Scientist Carl Friedrich Gauss Is In A Class By Himself
March 10, 2021 at 11:26 p.m.
By Max [email protected]
Gauss is a strong contender for the greatest mathematician of all time, ranked with such stalwarts as Archimedes, Isaac Newton and Leonard Euler. I have written about Euler and Newton in earlier columns. Archimedes (287-212 BC) may have been the greatest intellect of antiquity.
Gauss not only made a number of significant astronomical discoveries but also worked and lectured in other fields, in particular, land surveying, geodesy (the branch of mathematics dealing with the shape and area of the earth), and physics and made highly important contributions to each of these fields. Several examples will follow.
Discoveries
Gauss invented and operated the first electromagnetic telegraph of the world. He measured and computed the earth’s magnetic field in great detail and developed new mathematical methods, including, for instance, what is now known as the Fast Fourier Transform, the Universal Transverse Mercator coordinates, and so on. In physics, Gauss's law, also known as Gauss's flux theorem, is a law relating the distribution of electric charge to the resulting electric field.

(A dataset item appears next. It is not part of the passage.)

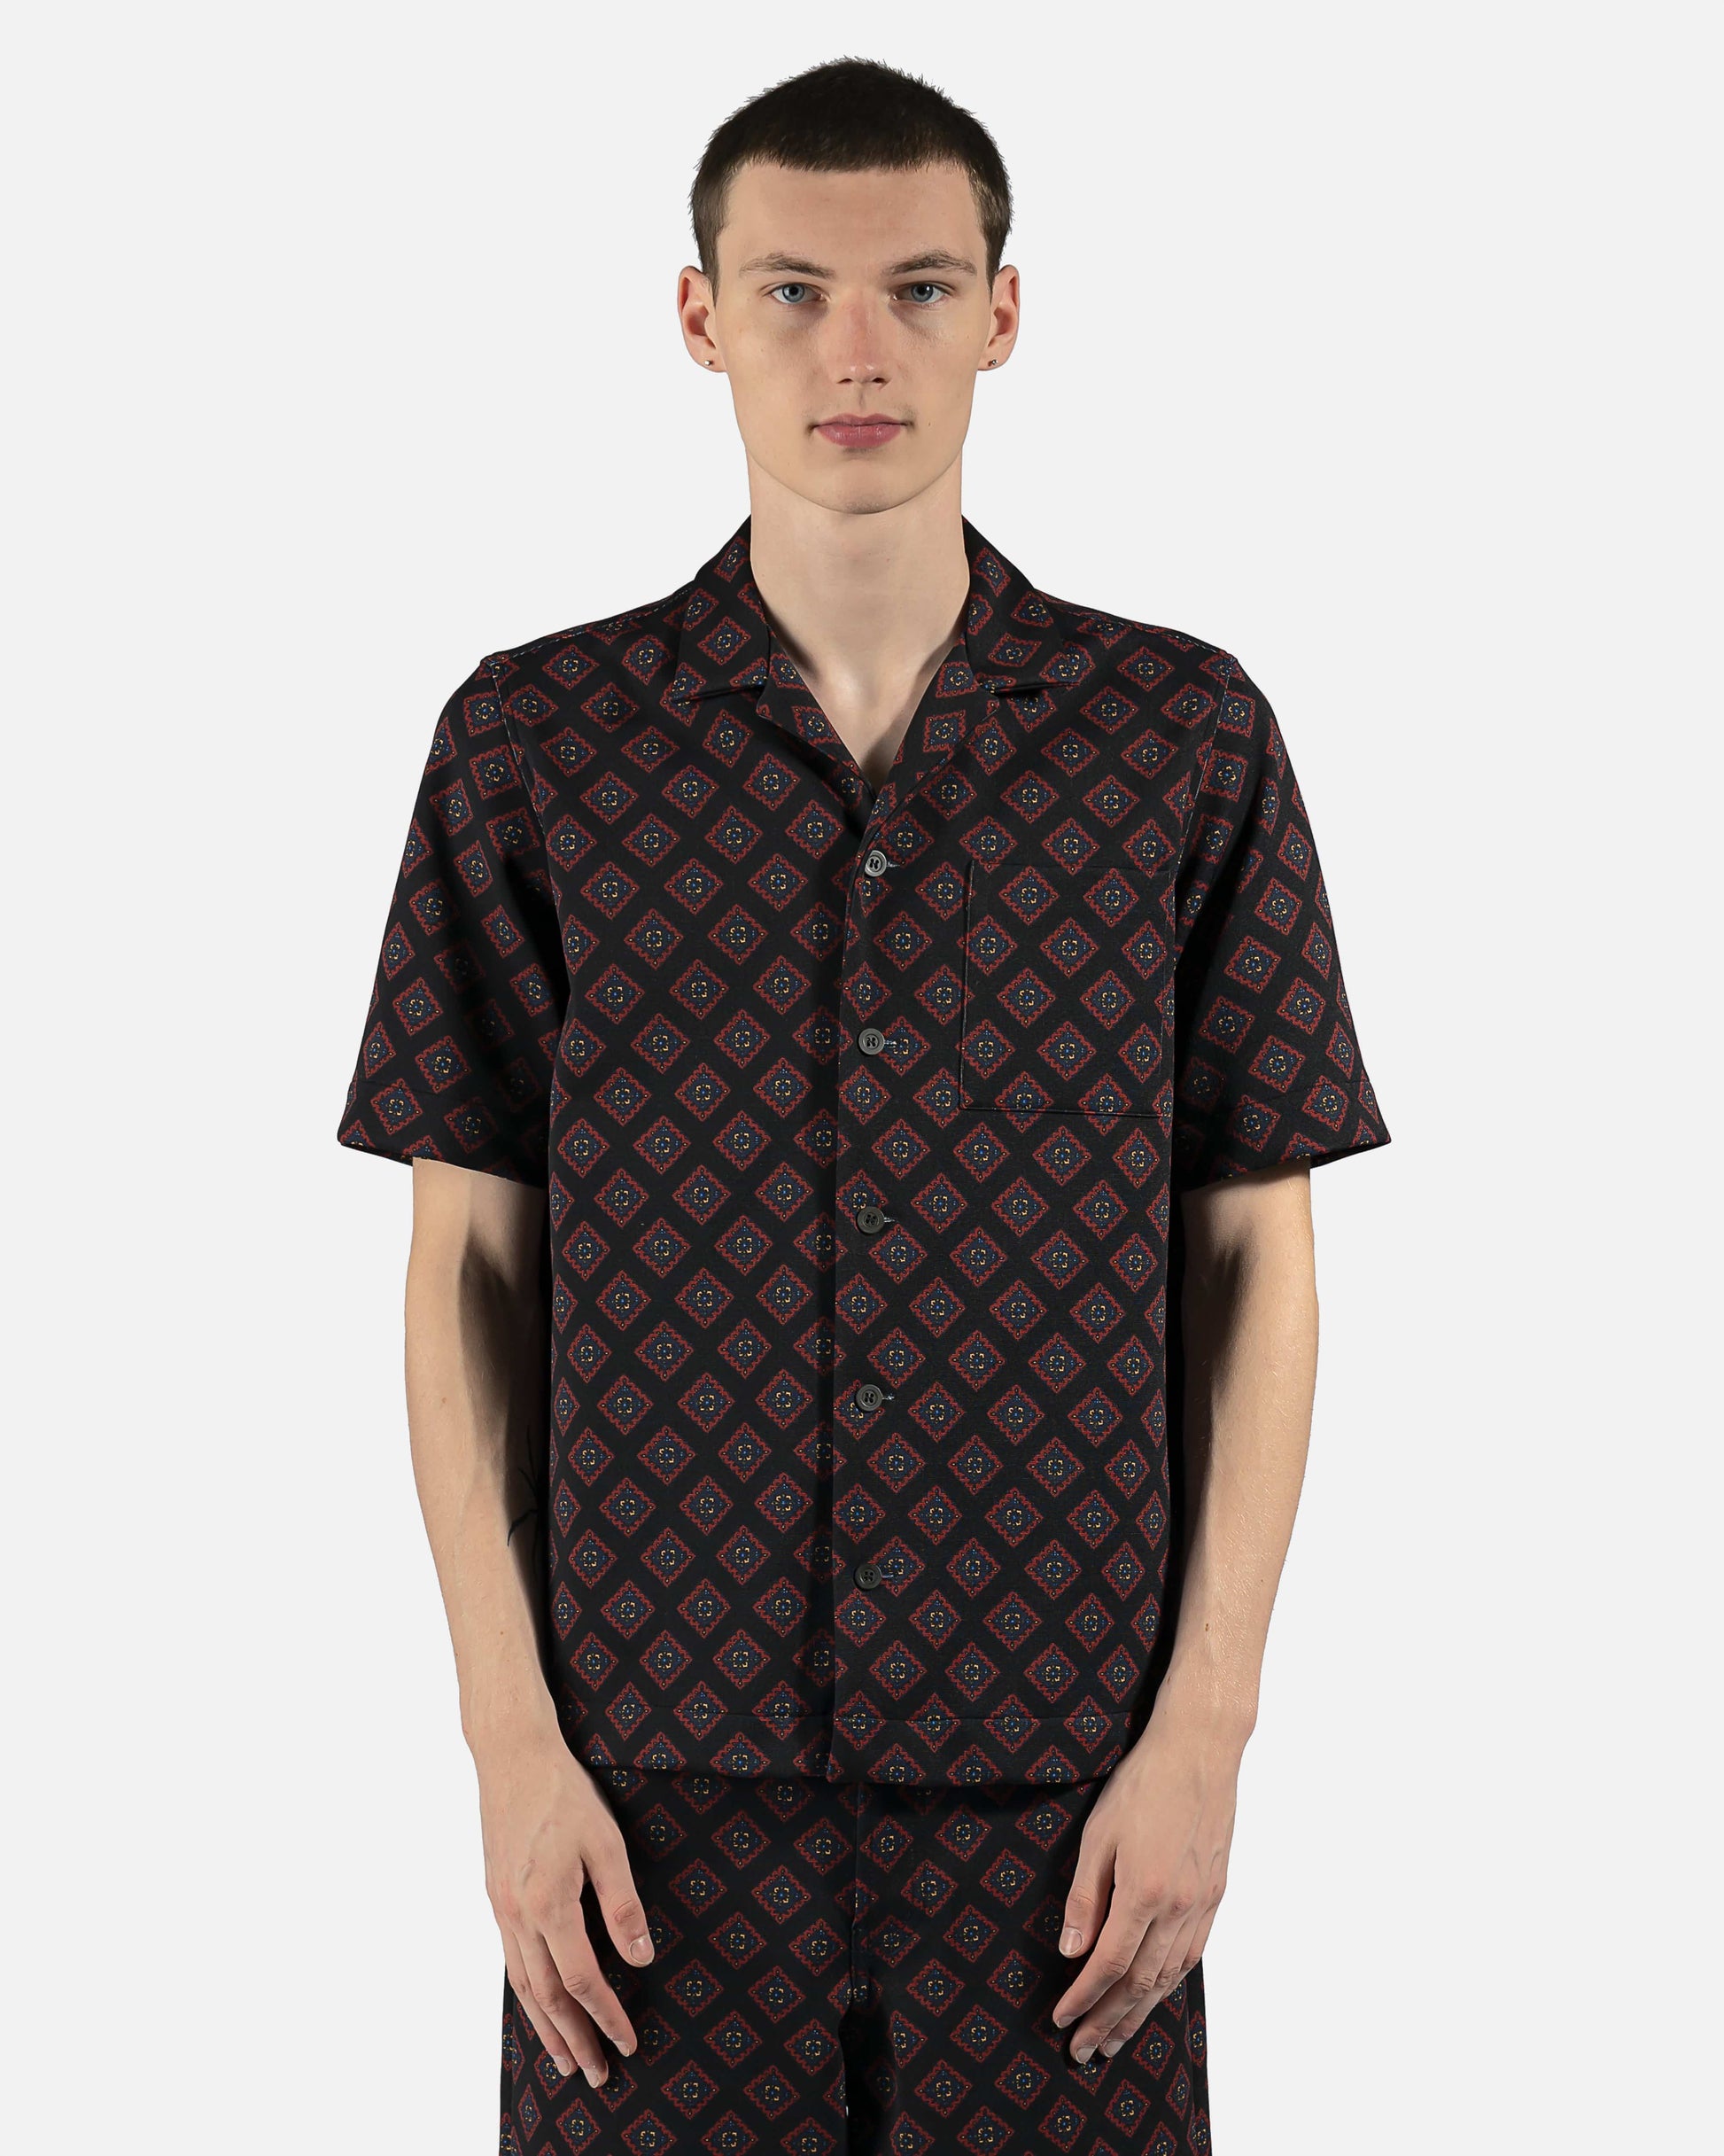 Dries Van Noten Men's Shirts Carltone Button-Up Shirt in Black

Also, he taught a fairly large number of astronomers who later became famous, among them Heinrich Christian Schumacher (1780-1850), founder of the Astronomische Nachrichten, and Benjamin Apthorp Gould (1824-1896), founder of the Astronomical Journal (both journals still exist).
Mathematics
Mathematics enters the modern era with the peerless researches of Carl Friedrich Gauss. Gauss began in number theory, sealed his reputation in celestial mechanics by predicting the reappearance of the newly discovered asteroid Ceres and made major advances regarding complex numbers, least-squares data fitting and non-Euclidean geometry, though he published nothing on the latter because he feared it was too far ahead of its time and would attract ridicule.
He and Janós Bolyai are now recognized as the rightful founders of non-Euclidean geometry, which can be interpreted as the natural geometry of a surface with constant curvature. Gauss was basically right to believe that the idea was ahead of its time.
Early Life
Born the son of a poor workman, Gebhard Gauss, and his wife Dorothea (née Benze) in Brunswick in 1777, Carl Friedrich’s talents became evident at an early age. He was a prodigious child, at the age of three informing his father of an arithmetical error in a complicated payroll calculation and stating the correct answer. At the age of 7, Carl Friedrich Gauss started elementary school, and his potential was noticed almost immediately. His teacher and his assistant, were amazed when Gauss summed the integers from 1 to 100 instantly by spotting that the sum was 50 pairs of numbers each pair summing to 101. He was rare among mathematicians in that he was a calculating prodigy, and he retained the ability to do elaborate calculations in his head most of his life.
Impressed by this ability and by his gift for languages, his teachers and his devoted mother recommended him to the duke of Brunswick in 1791, who granted him financial assistance to continue his education locally and then to study mathematics at the University of Göttingen from 1795 to 1798. Gauss’s pioneering work gradually established him as the era’s preeminent mathematician, first in the German-speaking world and then farther afield, although he remained a remote and aloof figure.
In 1788, Gauss began his education at the Gymnasium, where he learnt High German and Latin. After receiving a stipend from the Duke of Brunswick-Wolfenbüttel, Gauss entered Brunswick Collegium Carolinum in 1792. At the academy Gauss independently discovered Bode's law, the binomial theorem and the arithmetic- geometric mean, as well as the law of quadratic reciprocity and the prime number theorem.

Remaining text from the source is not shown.